CASTEL GANDOLFO, lunedì, 29 agosto 2011 (ZENIT.org).- “Che il Signore si mostri”. E' questa la preghiera che Papa Benedetto XVI ha rivolto al termine del tradizionale incontro con i suoi ex allievi, svoltosi a Castel Gandolfo dal 25 al 28 agosto.

Il seminario estivo degli ex allievi del Pontefice (“Ratzinger Schülerkreis”) ha affrontato quest'anno il tema della nuova evangelizzazione.

Questa domenica mattina, Benedetto XVI ha presieduto la Messa nel Centro Mariapoli di Castel Gandolfo. Introducendo la celebrazione eucaristica, ha chiesto al Signore di palesarsi ai suoi fedeli.

“In questo tempo dell’assenza di Dio, quando la terra delle anime è arida e la gente ancora non sa da dove venga l'acqua viva, chiediamo al Signore che Egli si mostri”, ha affermato.

“Vogliamo chiedergli che a coloro che cercano altrove l'acqua viva, mostri che tale acqua è Lui stesso, e che Lui non permette che la vita degli uomini, la loro sete per ciò che è grande, per la pienezza, anneghi e soffochi nel transitorio”.

“Vogliamo chiedere a Lui, soprattutto per i giovani, che la sete di Lui diventi viva in loro e che essi riconoscano dove si trova la risposta”, ha aggiunto.

“E noi, che Lo abbiamo potuto conoscere fin dalla nostra giovinezza, possiamo chiedere perdono, perché portiamo così poco la luce del suo volto agli uomini, così poco proviene da noi la certezza che 'Egli è, Egli è presente, ed Egli è la realtà grande, piena, che tutti attendiamo'”.

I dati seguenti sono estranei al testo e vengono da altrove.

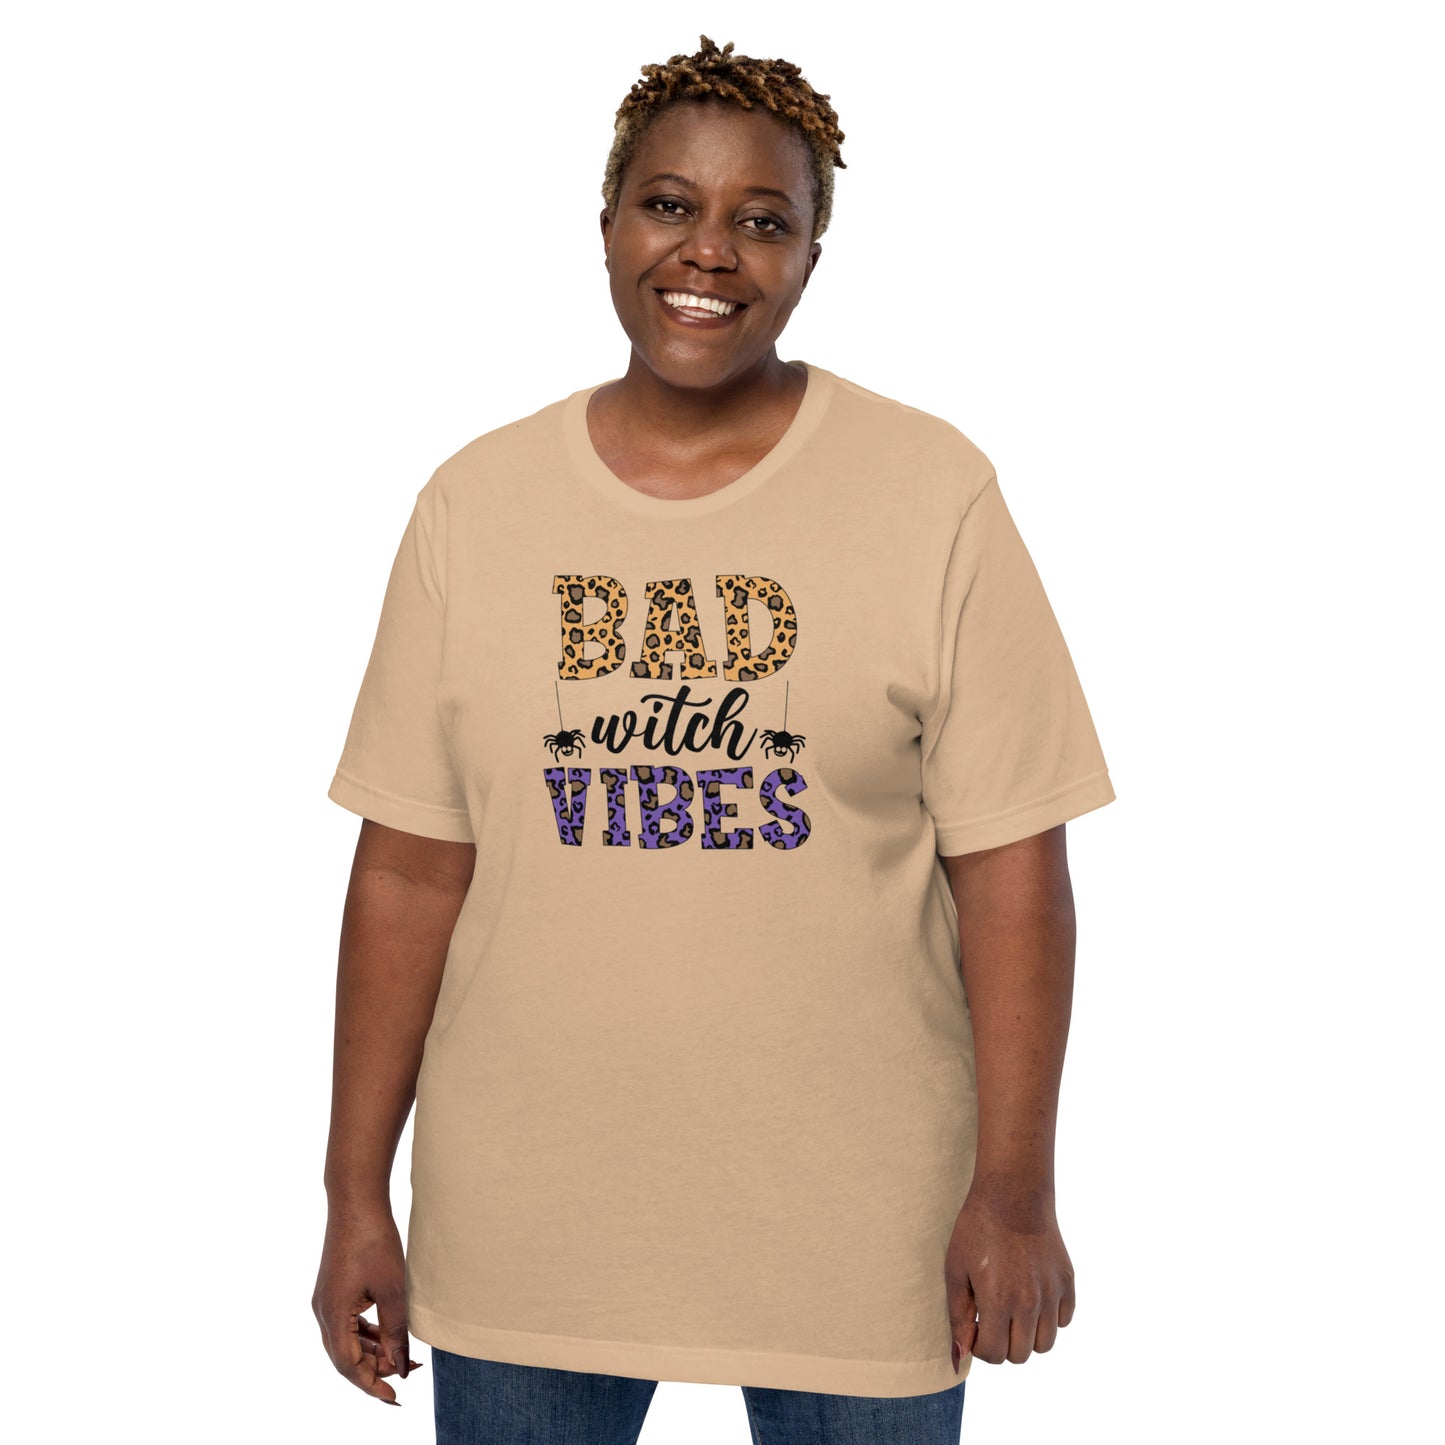 Bad Witch Vibes Unisex t-shirt

“Vogliamo chiedere a Lui che ci perdoni, che ci rinnovi con l'acqua viva del suo Spirito e ci doni di celebrare i sacri Misteri degnamente”, ha concluso il Papa.

A questa edizione dell'incontro hanno partecipato 40 persone, tra cui il Cardinale Christoph Schönborn, Arcivescovo di Vienna, monsignor Hans-Jochen Jaschke, Vescovo ausiliare di Amburgo, e monsignor Barthélémy Adoukonou, segretario del Pontificio Consiglio per la Cultura.